On Sunday 28 August 2005 02:39, Syan Tan wrote:
> How does gnotary prevent the timestamps in signatures from being altered at
> a later time , or
The way I see it there is no way to keep the client from altering the
timestamp of a signature client side. This concept only works if a third
party like a court of law asks me if I agree with what the client presents.
> a stored signature of an original document be replaced with a different
> signature of a different document at some other time ,
The client could certainly do that but that would bring his version out of
sync with what we store. So unless we collaborate with the client by
replacing the signature stored on our server there is little benefit for the
client in replacing the signature.
> and that altered
> signature also being passed on to colluding client ?

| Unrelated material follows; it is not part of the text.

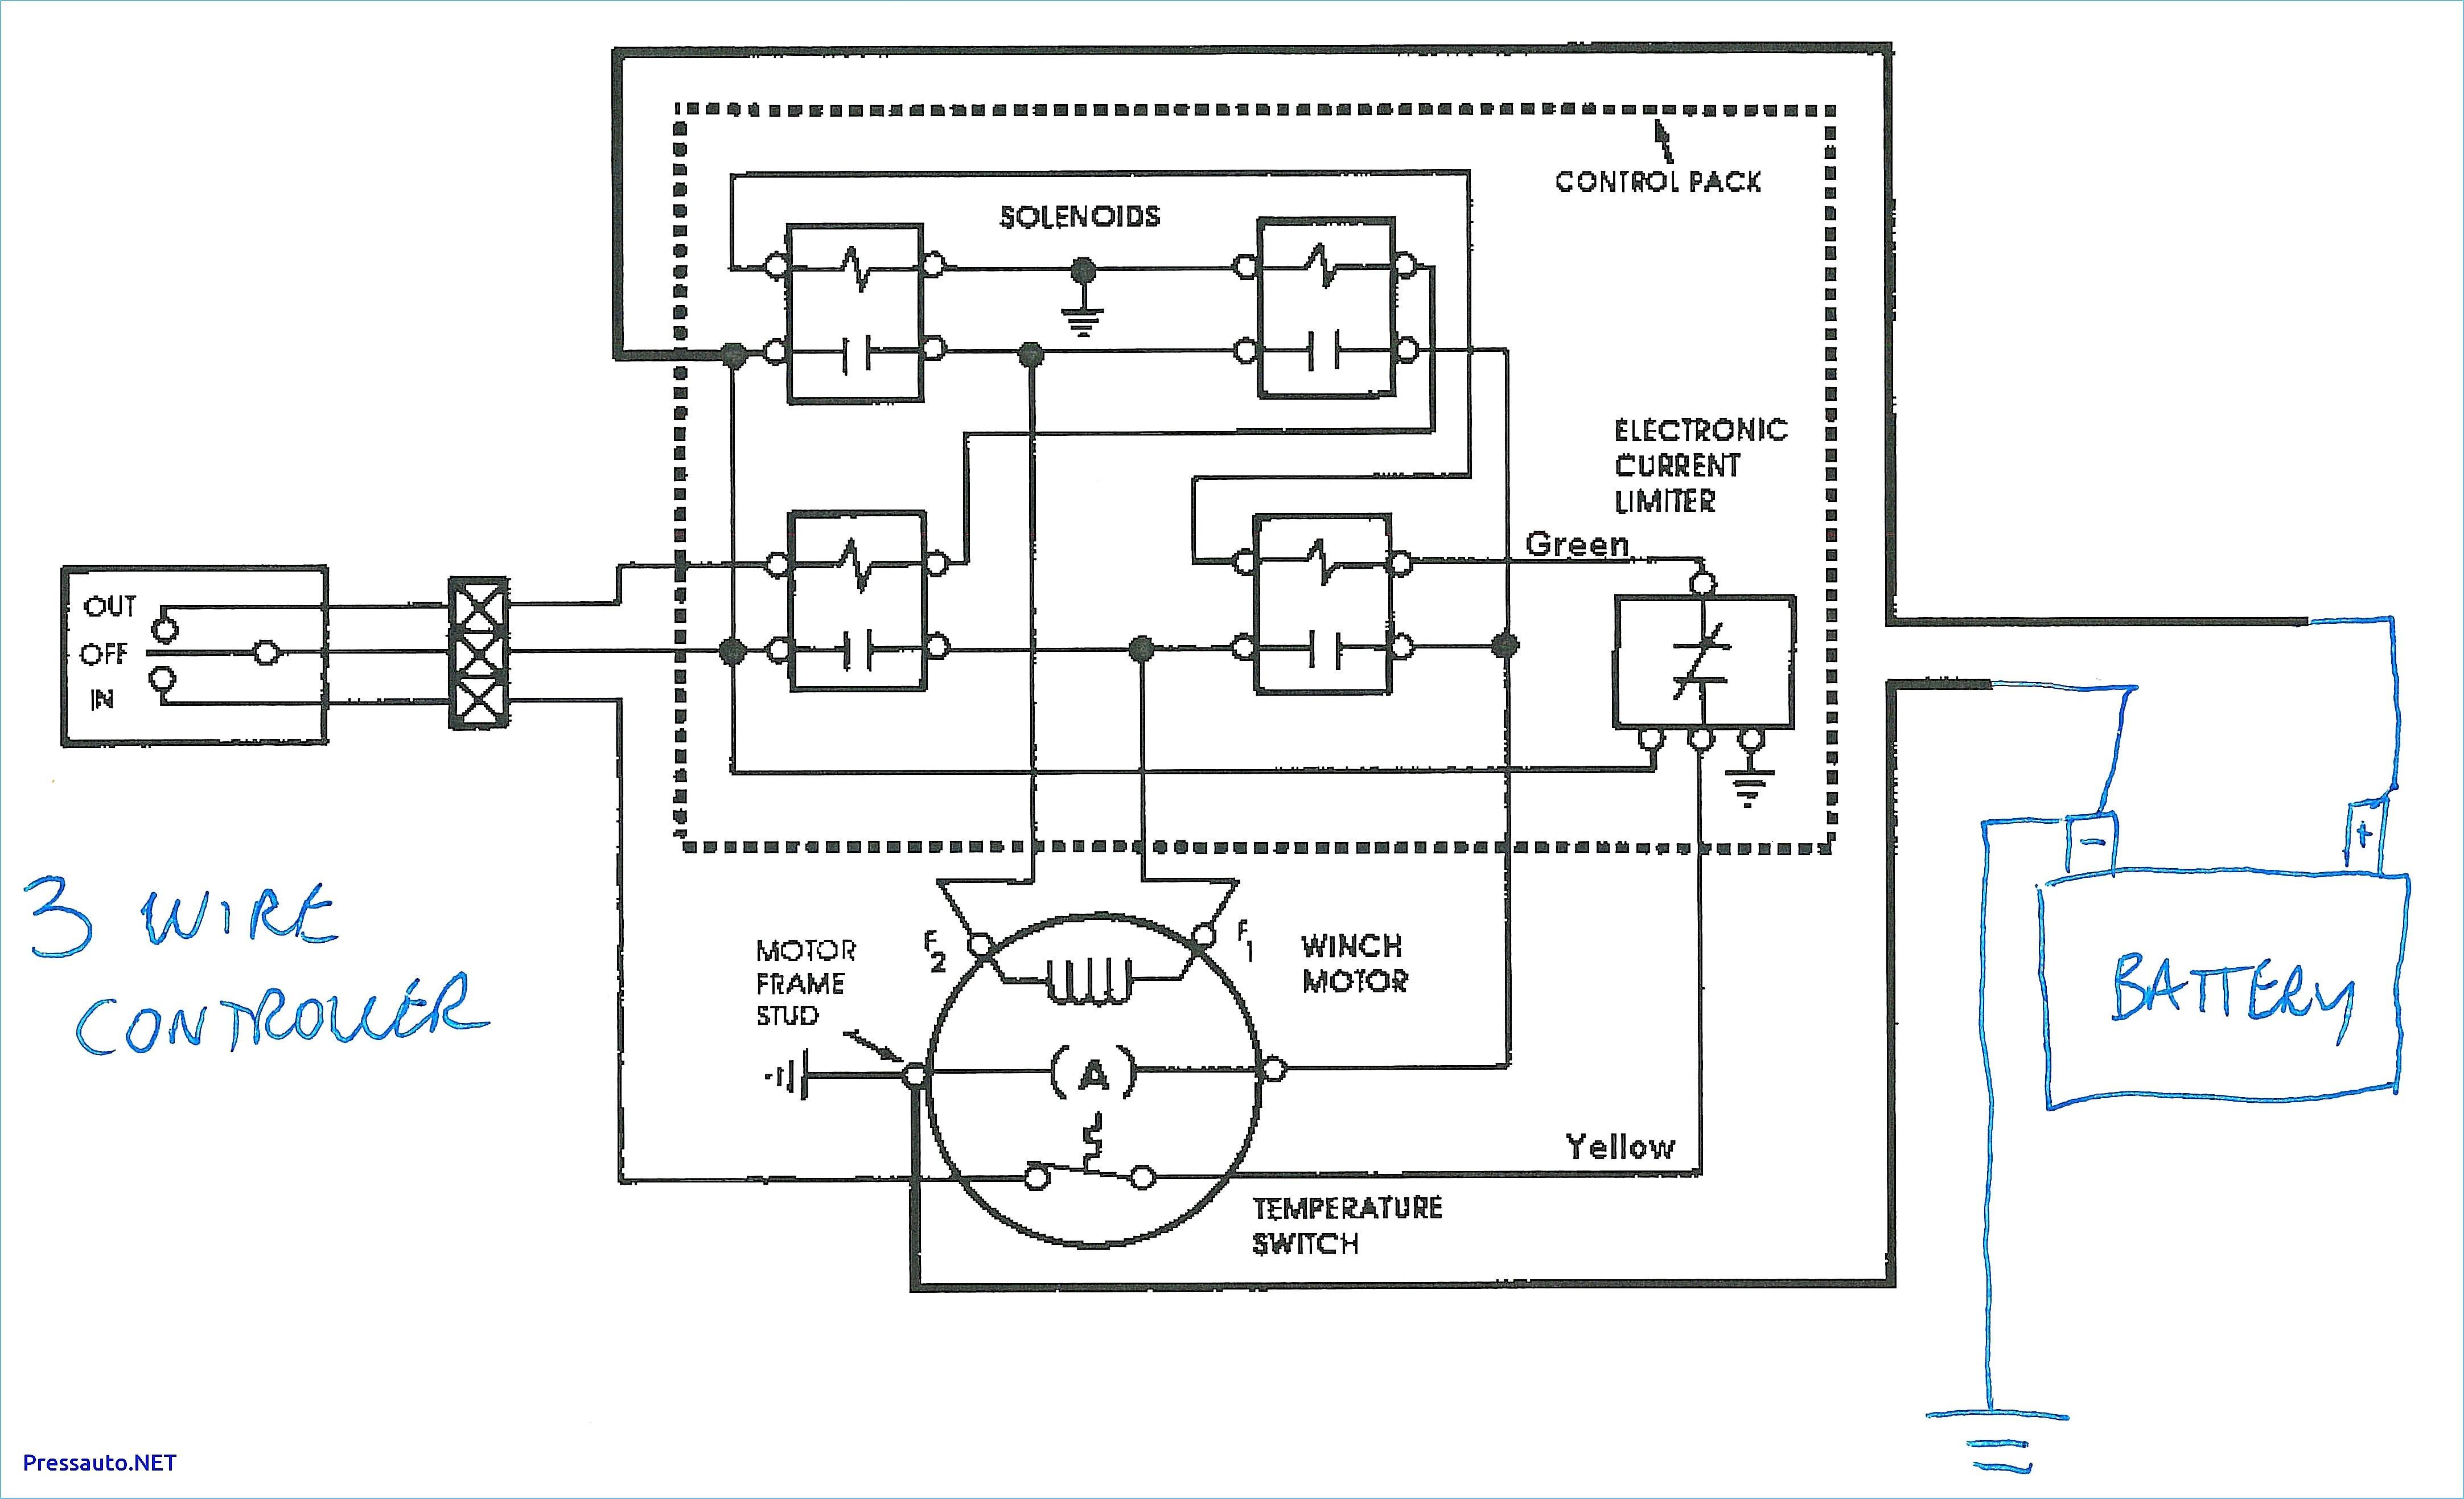 Septic Tank Float Switch Wiring Diagram Fresh Champion Pump Wiring - Septic Tank Float Switch Wiring Diagram

Do I as a service provider represent any kind of organization that can
implictely be trusted ? I guess not. But there are two things we do which
make it hard for us to collaborate with the client.
We hash our logs and get them signed by other GNotary servers /and or notary
providers. We plan to publish a hash of our logs in a German newspaper at
certain intervals which gives us a hard to forge timstamp. And since we would
use a newspaper which has to be store by German national Library forever
(required by law) the hash will be around for some time.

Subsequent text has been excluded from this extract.